1. 라이브러리 가져오고 (torch, torchvision, matplotlib 같은것들)
2. GPU 사용 설정 하고 random value를 위한 seed 설정!
3. 학습에 사용되는 parameter 설정!(learning_rate, training_epochs, batch_size, etc)
4. 데이터셋을 가져오고 (학습에 쓰기 편하게) loader 만들기
5. 학습 모델 만들기( class CNN(torch.nn.Module) )
6. Loss function (Criterion)을 선택하고 최적화 도구 선택(optimizer)
7. 모델 학습 및 loss check(Criterion의 output)
8. 학습된 모델의 성능을 확인한다.
   

CNN 구조 확인

MNIST에 CNN 적용 코드

• 반드시 Layer을 깊게 쌓는다고 해서 CNN이 깊게 쌓이지는 않습니다~!

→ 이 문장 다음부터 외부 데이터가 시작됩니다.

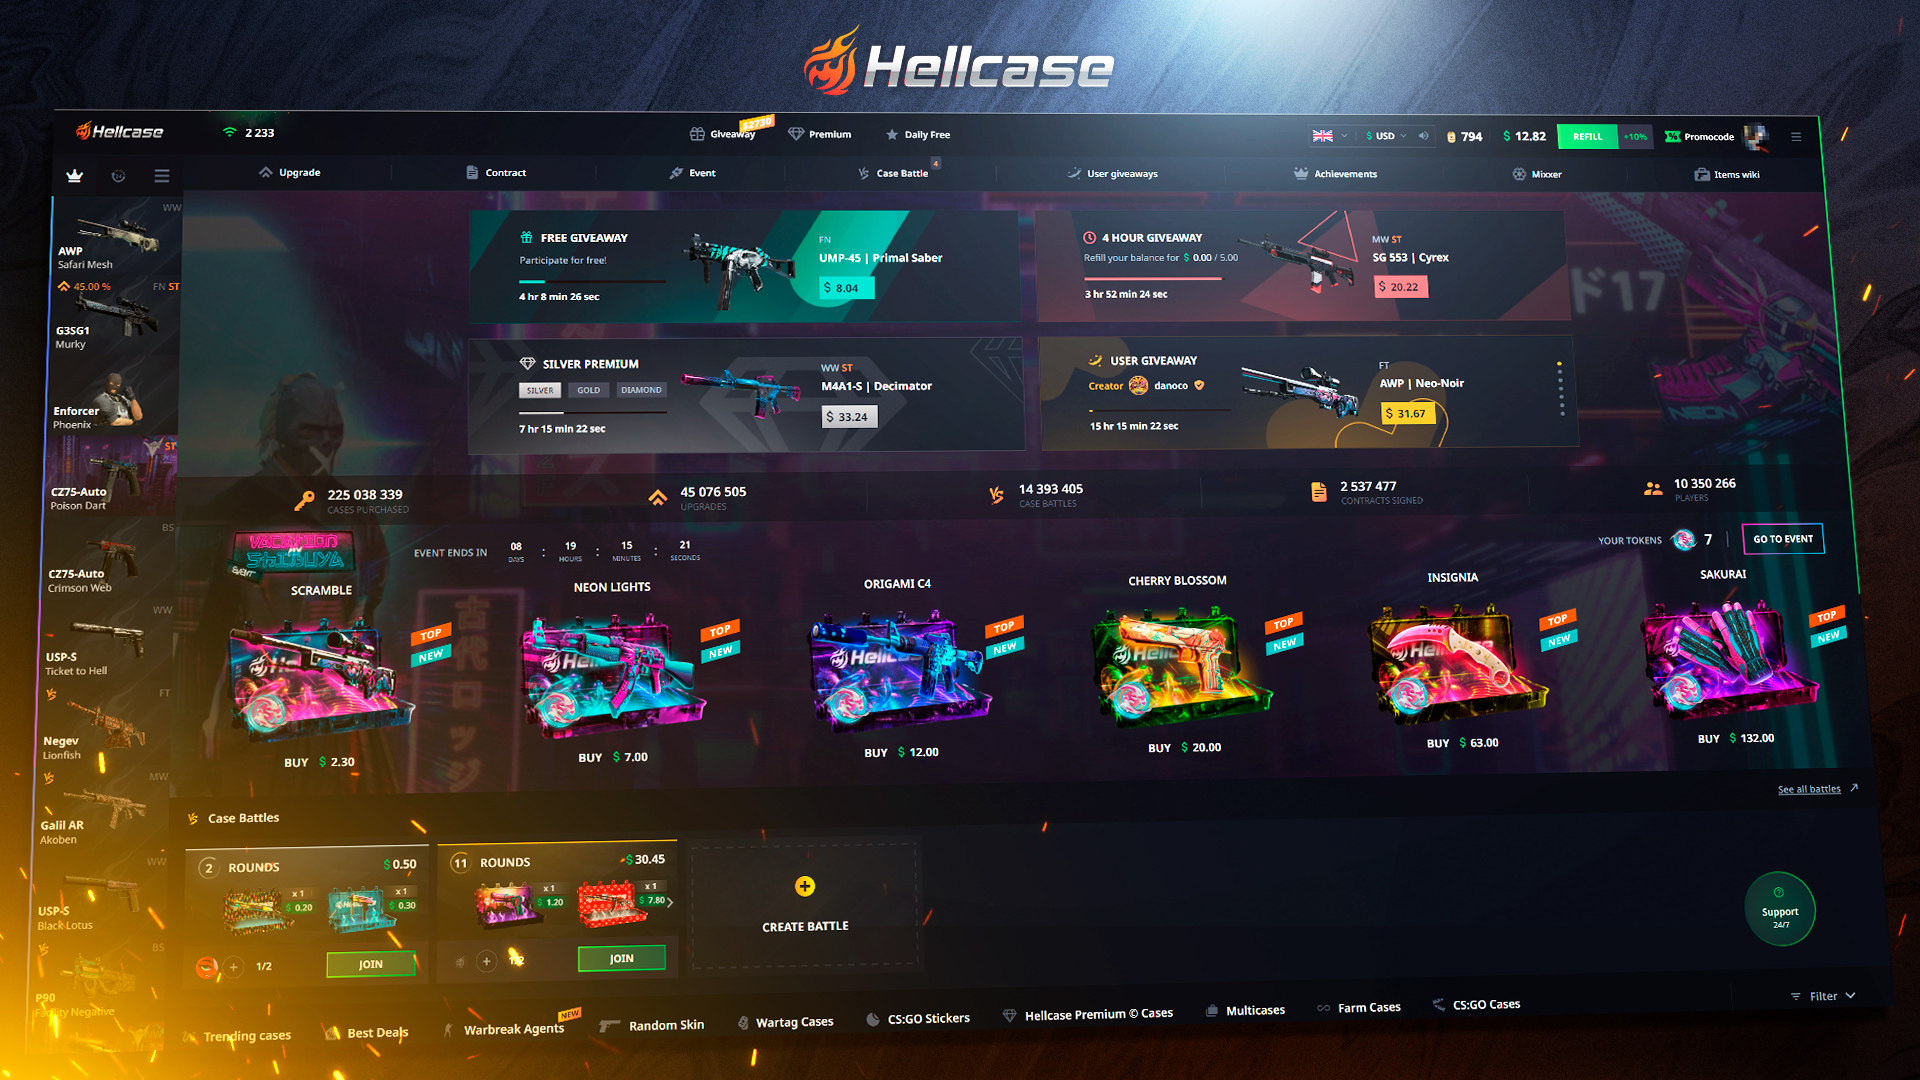 Hellcase.com 20 USD Wallet Card Code

# Lab 11 MNIST and Convolutional Neural Network
import torch
import torchvision.datasets as dsets
import torchvision.transforms as transforms
import torch.nn.init

device = 'cuda' if torch.cuda.is_available() else 'cpu'

# for reproducibility
torch.manual_seed(777)
if device == 'cuda':
    torch.cuda.manual_seed_all(777)
    
# parameters
learning_rate = 0.001
training_epochs = 15
batch_size = 100

# MNIST dataset
mnist_train = dsets.MNIST(root='MNIST_data/',
                          train=True,
                          transform=transforms.ToTensor(),
                          download=True)

mnist_test = dsets.MNIST(root='MNIST_data/',
                         train=False,
                         transform=transforms.ToTensor(),
                         download=True)
                         
# dataset loader
data_loader = torch.utils.data.DataLoader(dataset=mnist_train,
                                          batch_size=batch_size,
                                          shuffle=True,
                                          drop_last=True)
                                          
# CNN Model (2 conv layers)
class CNN(torch.nn.Module):

    def __init__(self):
        super(CNN, self).__init__()
        # L1 ImgIn shape=(?, 28, 28, 1)
        #    Conv     -> (?, 28, 28, 32)
        #    Pool     -> (?, 14, 14, 32)
        self.layer1 = torch.nn.Sequential(
            torch.nn.Conv2d(1, 32, kernel_size=3, stride=1, padding=1),
            torch.nn.ReLU(),
            torch.nn.MaxPool2d(kernel_size=2, stride=2))
        # L2 ImgIn shape=(?, 14, 14, 32)
        #    Conv      ->(?, 14, 14, 64)
        #    Pool      ->(?, 7, 7, 64)
        self.layer2 = torch.nn.Sequential(
            torch.nn.Conv2d(32, 64, kernel_size=3, stride=1, padding=1),
            torch.nn.ReLU(),
            torch.nn.MaxPool2d(kernel_size=2, stride=2))
        # Final FC 7x7x64 inputs -> 10 outputs
        self.fc = torch.nn.Linear(7 * 7 * 64, 10, bias=True)
        torch.nn.init.xavier_uniform_(self.fc.weight)

    def forward(self, x):
        out = self.layer1(x)
        out = self.layer2(out)
        out = out.view(out.size(0), -1)   # Flatten them for FC
        out = self.fc(out)
        return out
        
# instantiate CNN model
model = CNN().to(device)

# define cost/loss & optimizer
criterion = torch.nn.CrossEntropyLoss().to(device)    # Softmax is internally computed.
optimizer = torch.optim.Adam(model.parameters(), lr=learning_rate)

# train my model
total_batch = len(data_loader)
print('Learning started. It takes sometime.')
for epoch in range(training_epochs):
    avg_cost = 0

    for X, Y in data_loader:
        # image is already size of (28x28), no reshape
        # label is not one-hot encoded
        X = X.to(device)
        Y = Y.to(device)

        optimizer.zero_grad()
        hypothesis = model(X)
        cost = criterion(hypothesis, Y)
        cost.backward()
        optimizer.step()

        avg_cost += cost / total_batch

    print('[Epoch: {:>4}] cost = {:>.9}'.format(epoch + 1, avg_cost))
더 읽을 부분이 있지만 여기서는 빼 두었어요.